J’ai fini par me remettre d’Alice. On est une espèce adaptable. A partir du moment où on comprend qu’on n’est pas disposé à aimer qu’une seule personne dans notre vie, et qu’on sera aimé de nouveau, tout s’arrange.
Je ne dis pas que ça a été facile, hein, loin de là…
J’ai été le genre de mec à m’apitoyer sur mon sort, à n’avoir qu’un seul et même sujet de conversation, à saouler tout le monde, à tout ramener à mon histoire d’amour.
Il faut dire que, pour ma défense, Alice faisait partie de mon quotidien, c’était la femme de ma vie ! Jamais je n’avais imaginé jusqu’alors que je puisse vivre une histoire d’amour avec une autre femme…
C’est pour cela que je l’ai attendue. Je ne pouvais admettre qu’elle était partie. Elle allait revenir, il n’y avait aucun doute. Je me surprenais parfois à espérer qu’elle fût morte afin de ne plus avoir à vivre avec l’espoir d’un éventuel retour…
Aujourd’hui encore, il m’arrive de penser qu’elle reviendra. Quand on sonne à ma porte et que je n’attends personne.
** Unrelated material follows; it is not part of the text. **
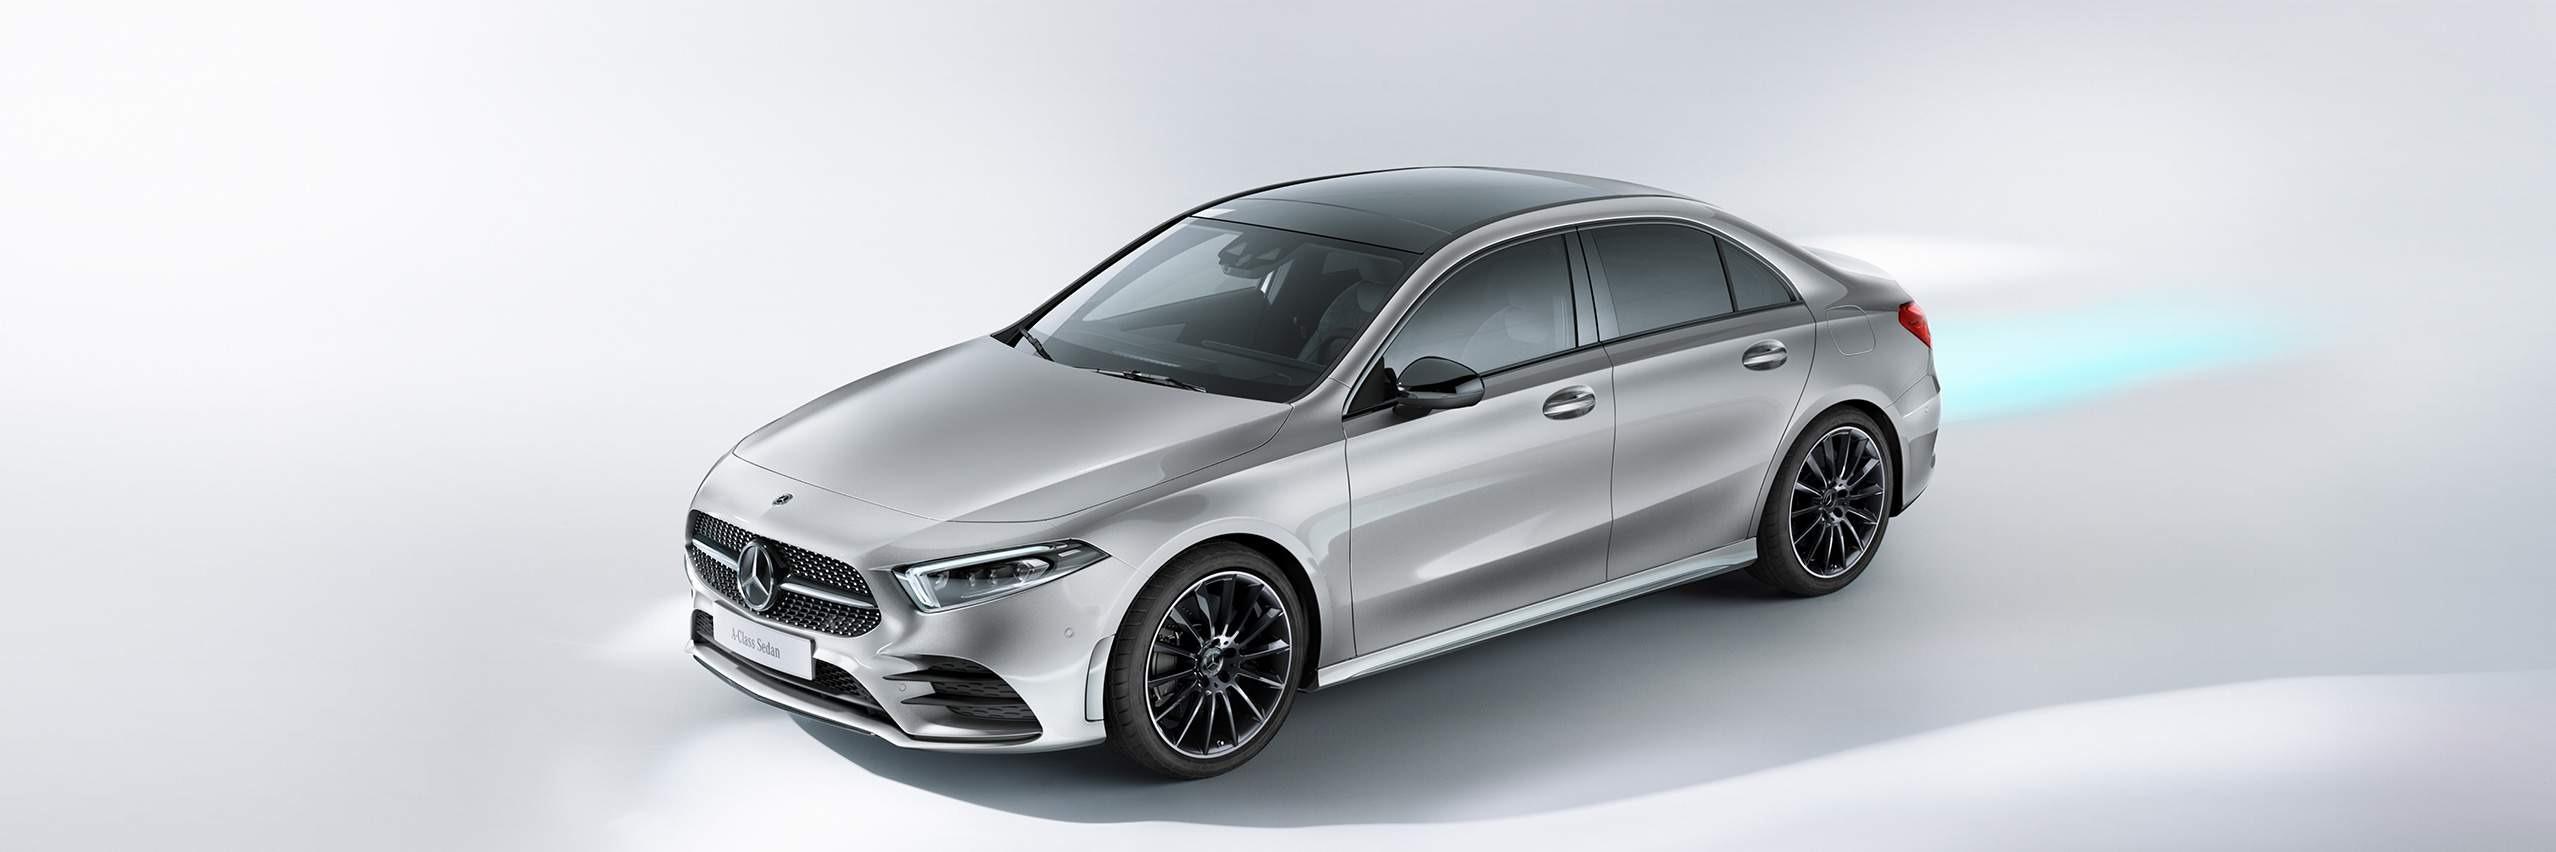 ТехнологииMercedes-Benz A-Class
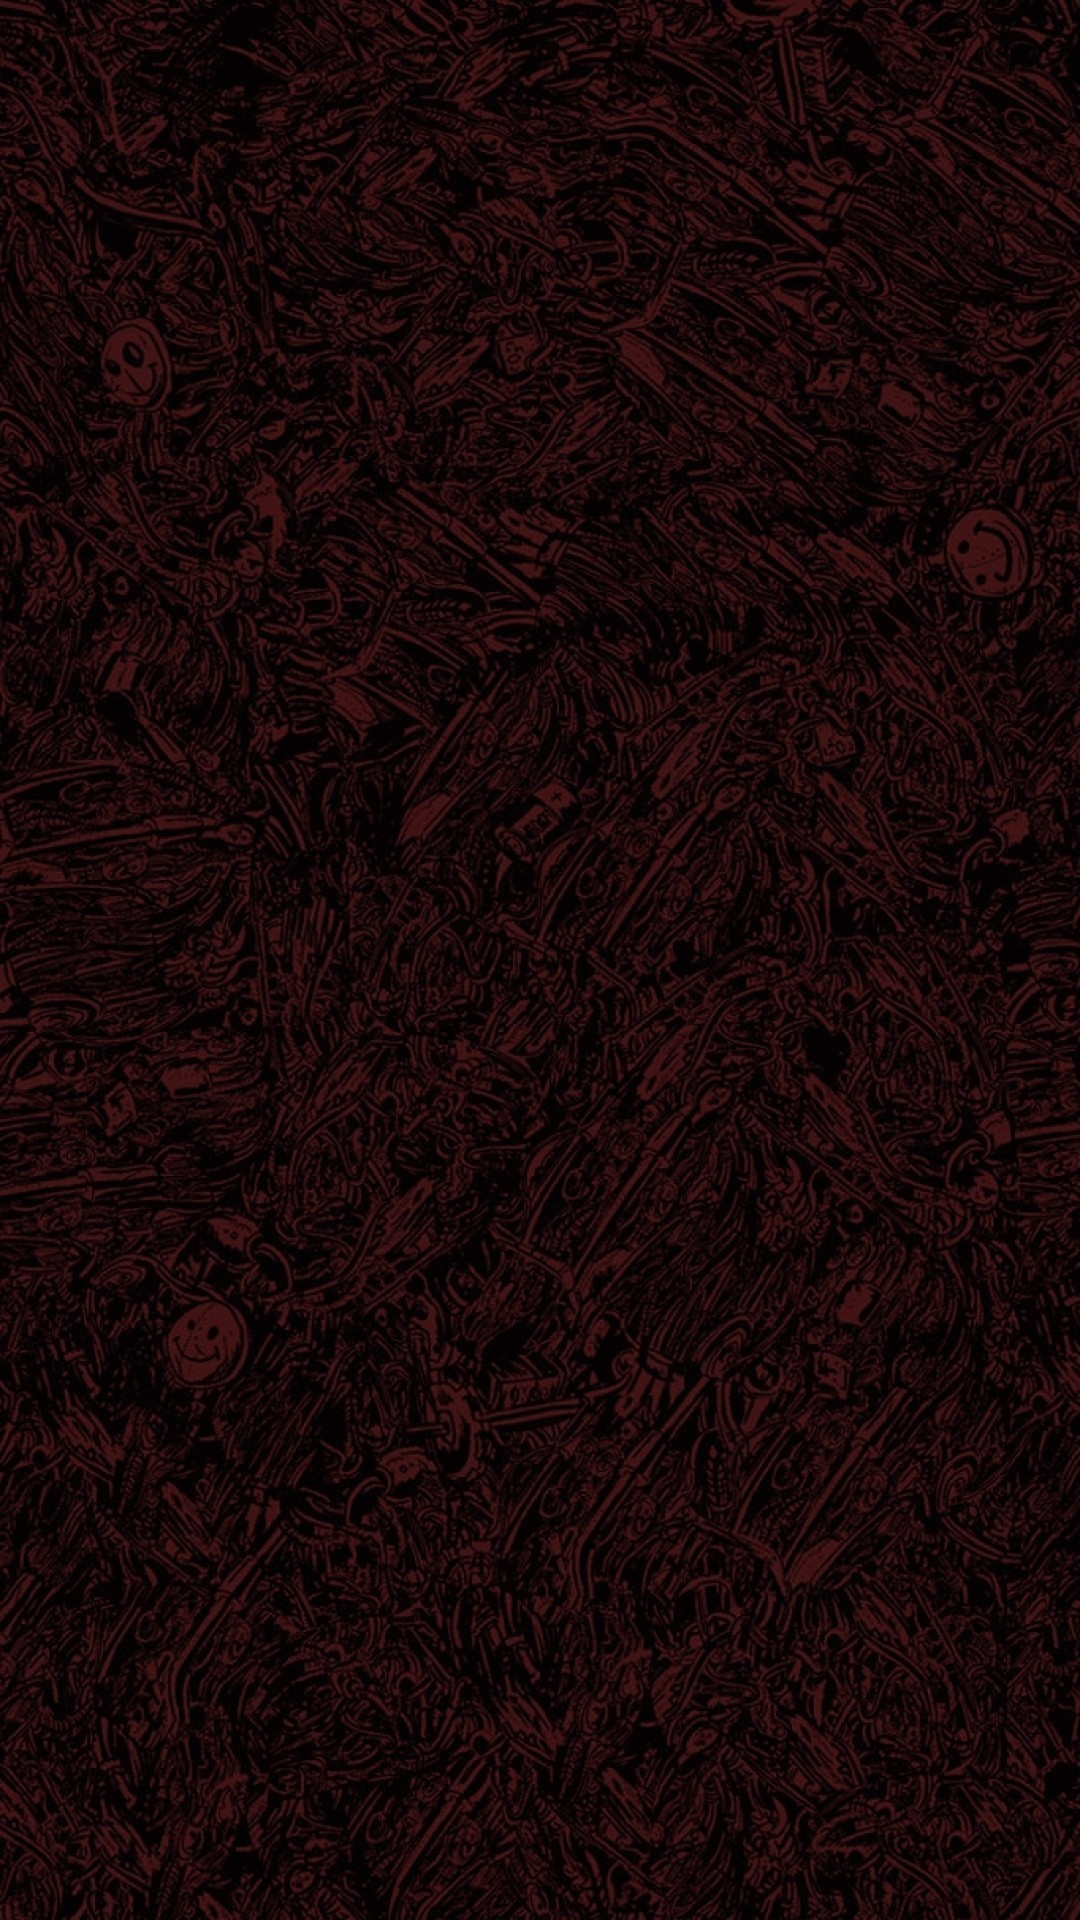 74 dark maroon 74 dark maroon

Je me dis : et si c’était elle ? Je lui dirai sans doute d’aller se faire voir…
La série Dawson m’a aidé à y voir plus clair. Vous savez cette série avec ce fan inconditionnel de Spielberg qui rêve de devenir réalisateur ? Dawson est insupportable comme type. Il se prend trop la tête et il ne comprend pas que sa pote Joey ne se définit pas qu’à travers lui.
Et ça, ça a été une révélation pour moi ! Comprendre que je ne dépendais pas d’Alice et que je pouvais me soustraire de nos souvenirs… Elle n’était alors plus qu’un fantôme qui avait certes contribué à me façonner, mais qui n’était désormais plus que cet amour d’adolescent qui se mourait inexorablement…
J’ai d’abord regardé la série à la télévision, puis j’ai acheté les DVD en import. En douce, comme on achète du porno en ligne. Une jeune femme avec qui j’avais sympathisé et qui avait tendance à tout intellectualiser et à porter un jugement non réfléchi à l’emporte-pièce, remarquant ma collection de DVD de Dawson, me regarda avec mépris, ne comprenant pas comment je pouvais visionner cette série débile pour adolescents. Quand on a 20 ans, c’est un peu compliqué de justifier son attachement à Dawson. N’assumant, pas, je lui ai dit qu’ils m’avaient été offerts, puis, remarquant qu’ils étaient importés, elle leva les yeux au ciel et me dit que tant qu’à ramener un souvenir des Etats-Unis, autant ramener un foutu jean !
L’incident clôt, nous avons couché ensemble, puis un mois après, avons convenu que nous n’étions faits ni pour être amants, ni pour être amis. Enfin, c’est surtout elle qui en a convenu, j’étais trop content de faire l’amour pour me soucier si nous étions faits l’un pour l’autre…
J’ai regardé Dawson jusqu’au bout, j’ai été heureux du choix de Joey, et me suis dit qu’il était temps que je tourne la page. J’ai donc fait le point avec moi-même et ai réfléchi mon existence indépendamment d’Alice qui avait pourtant tellement contribué à faire ce que j’étais devenu.
J’ai fini par jeter les DVD de Dawson, j’avais peur de les revendre, j’aurais été trop embarrassé… C’est difficile d’assumer une telle passion, même si elle n’est que passagère. C’est mieux de dire aux gens qu’on est fan de Twin Peaks que de Dawson… C’est dommage, je vous l’accorde…
Après avoir jeté les coffrets DVD, j’avais un gros trou dans mon étagère. J’ai réfléchi, me suis demandé ce qui pourrait le plus impressionner les gens, l’intégrale de Rocky ou bien des romans de Dickens ? J’ai choisi Stallone. Parce qu’il était temps que je fasse mes choix en fonction de moi, et pas en fonction de ce que les gens pourraient éventuellement penser.